Seattle. Google, Microsoft, OpenAI: Eine Woche tourte Ministerpräsident Wüst durch die USA - und ahnt jetzt besser, was auf sein Land zukommt.
Die sagenumwobene Microsoft-Unternehmenszentrale in Redmond, Großraum Seattle, mag Hendrik Wüst auf den ersten Blick so schmucklos erscheinen wie eine durchschnittliche Gesamtschule zuhause in NRW. Dass der NRW-Ministerpräsident hier aber überhaupt einen Termin bekommen hat, ist nicht selbstverständlich.

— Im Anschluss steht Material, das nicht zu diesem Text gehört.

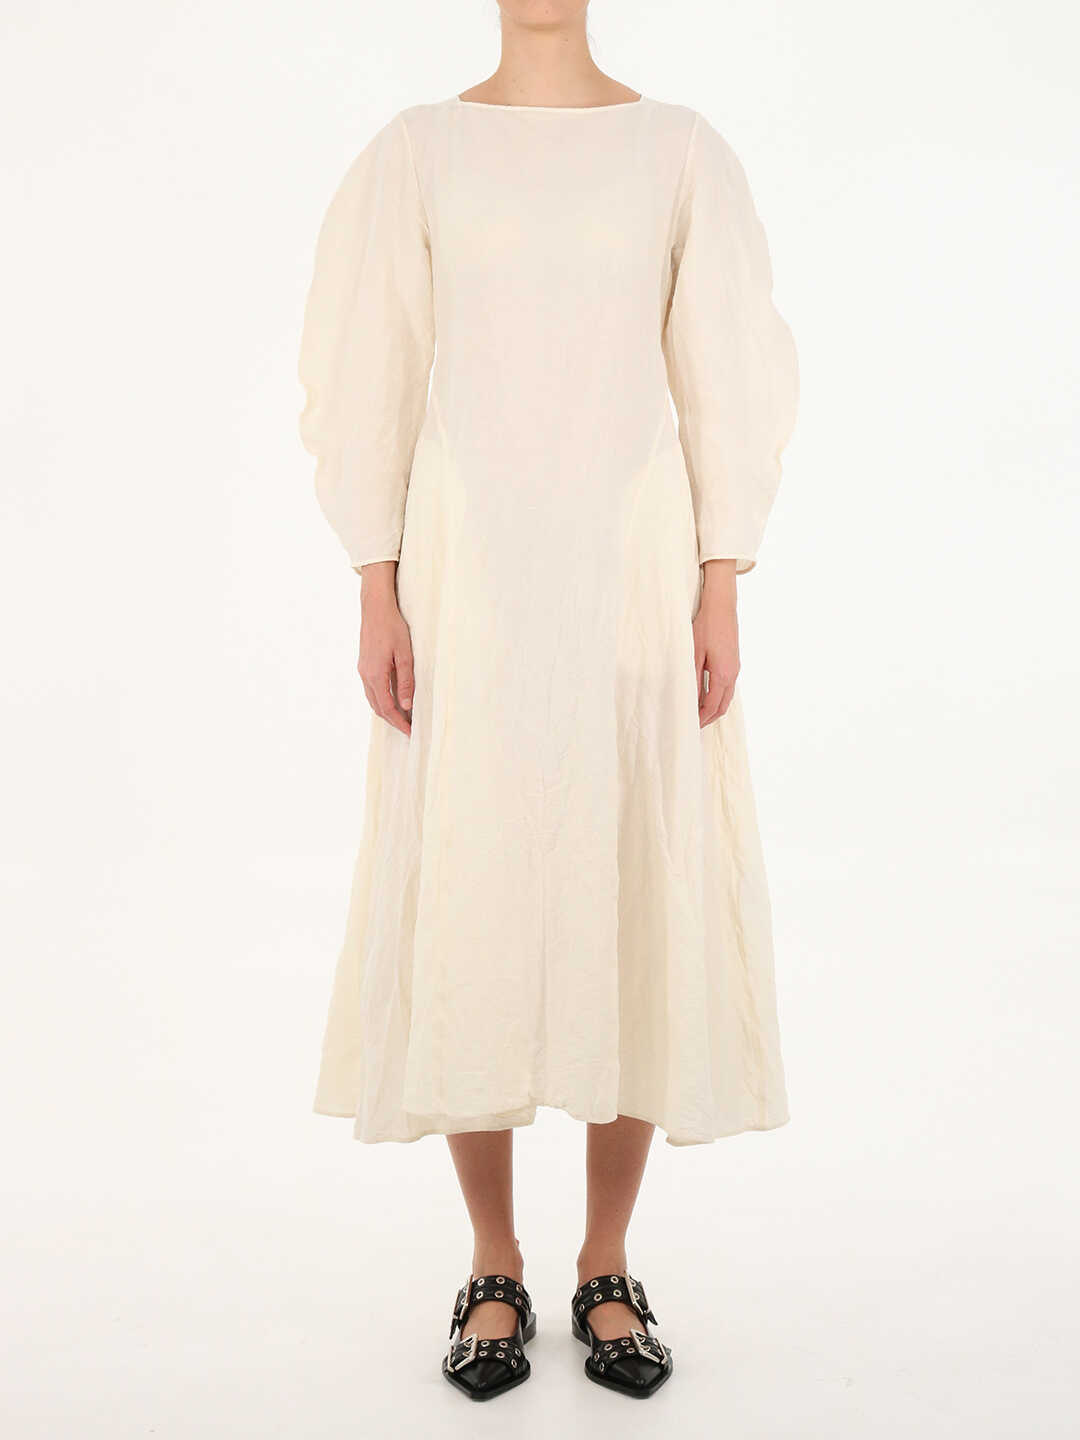 Jil Sander Washed Effect White Dress JSPU503105 WU330800 Cream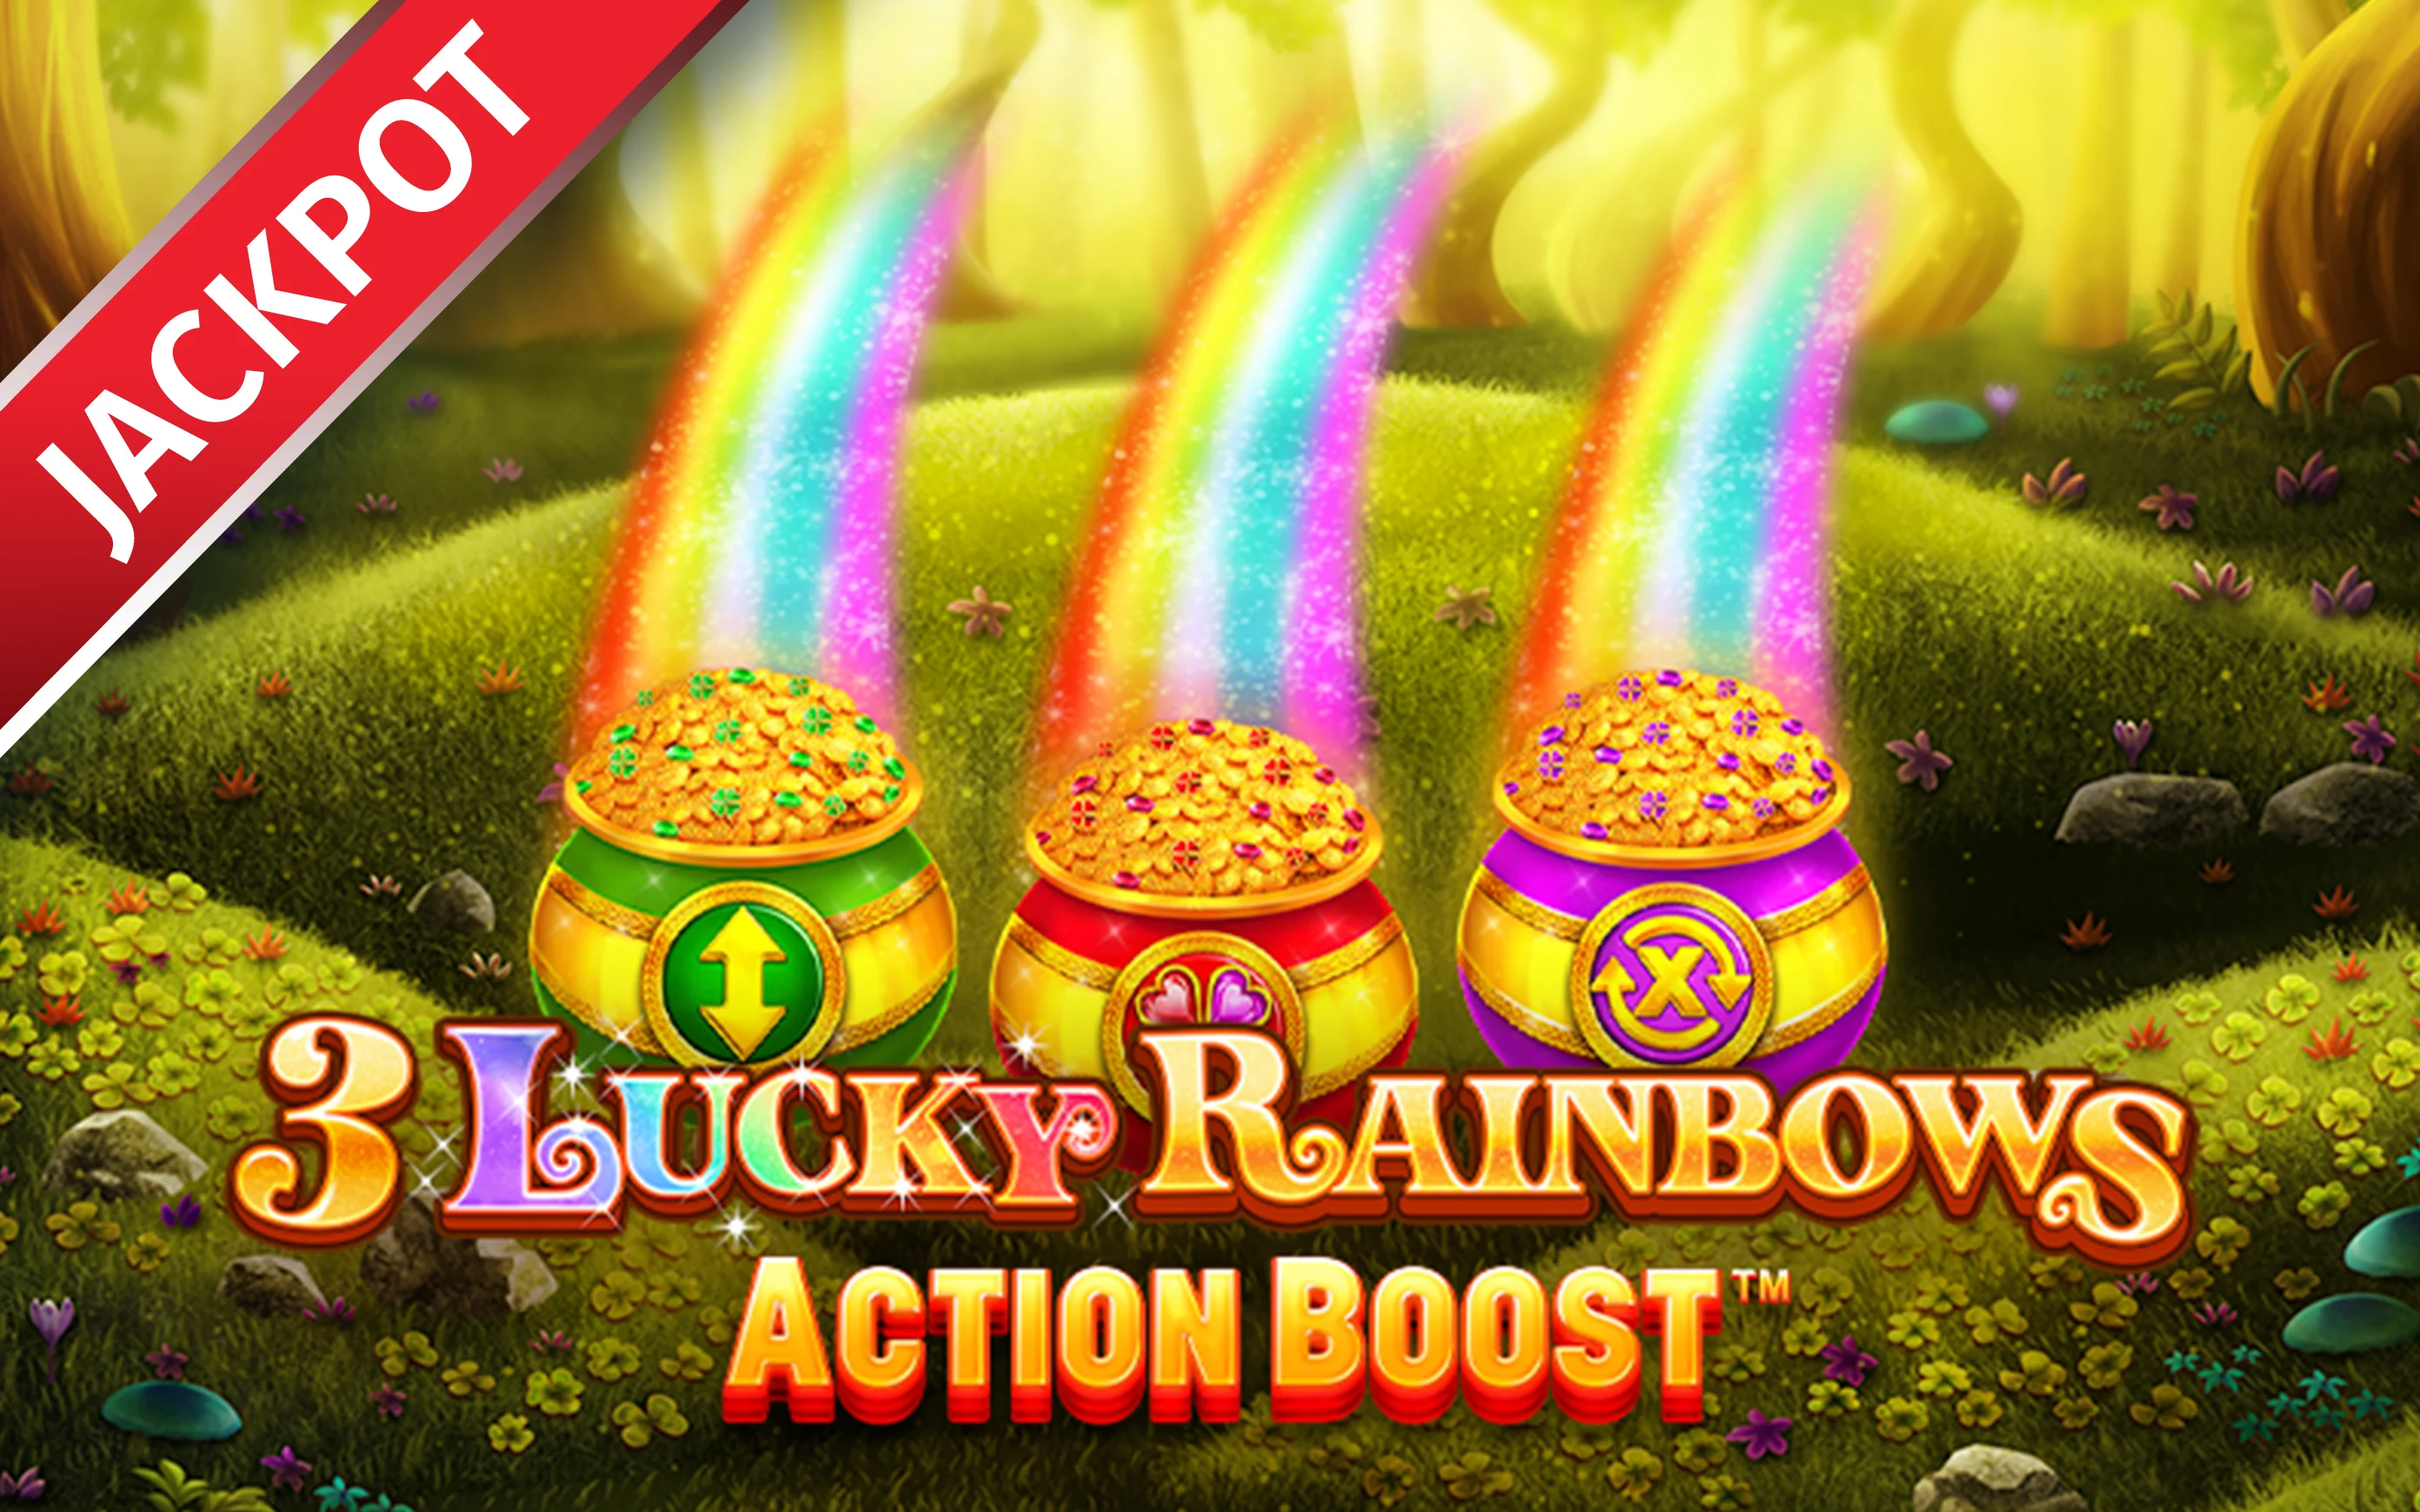 Spil Action Boost ™ 3 Lucky Rainbows på Starcasino.be online kasino

Microsoft-Vize Brad Smith, zu dem Staatenlenker aus aller Welt pilgern, empfängt ihn eine halbe Stunde lang und stellt sich hinterher mit dem Gast aus Germany für die Kameras auf. Gar nicht so leicht, weil bei Microsoft aus Sicherheitsgründen fast nirgendwo gefilmt werden darf.
Smith hält eine Glaskugel in der Hand, die flüssige Braunkohle aus dem Rheinischen Revier umschließt. Ein Gastgeschenk von Wüst. Der Microsoft-Mann revanchiert sich mit netten Worten über NRW, die auch als Selbstlob zu verstehen sind. Schließlich investiert der Konzern gerade 3,2 Milliarden Euro in Deutschland, den Großteil davon in riesige Rechenzentren im Rheinland.
Microsoft hofft, dass auch Konkurrenten in NRW investieren werden
Laut Smith ist das alles kein Zufall: „Denn wir investieren aus einem wichtigen Grund in NRW: der Region, ihren Menschen, den Ressourcen, der Politik, der Regierung und der Führung.“ Besonders das Lob für Wüsts „Leadership“ gefällt seinem PR-Team augenscheinlich extrem gut. Er hoffe sehr, sagt Smith noch, „dass auch unsere Konkurrenten darüber nachdenken, in unsere Fußstapfen zu treten.“
Das kann sogar gut sein. Denn hinter dem Microsoft-Investment steht der bevorstehende Einzug der Künstlichen Intelligenz (KI) in wohl fast alle Geschäfts- und Lebensbereiche. Dafür braucht es perspektivisch gewaltige Rechnerkapazitäten. Die günstige Lage Nordrhein-Westfalens an Knotenpunkten wichtiger europäischer Datentrassen, das im internationalen Vergleich große Flächenangebot sowie die Dichte von Menschen und Firmen machen das Land interessant für Tech-Riesen.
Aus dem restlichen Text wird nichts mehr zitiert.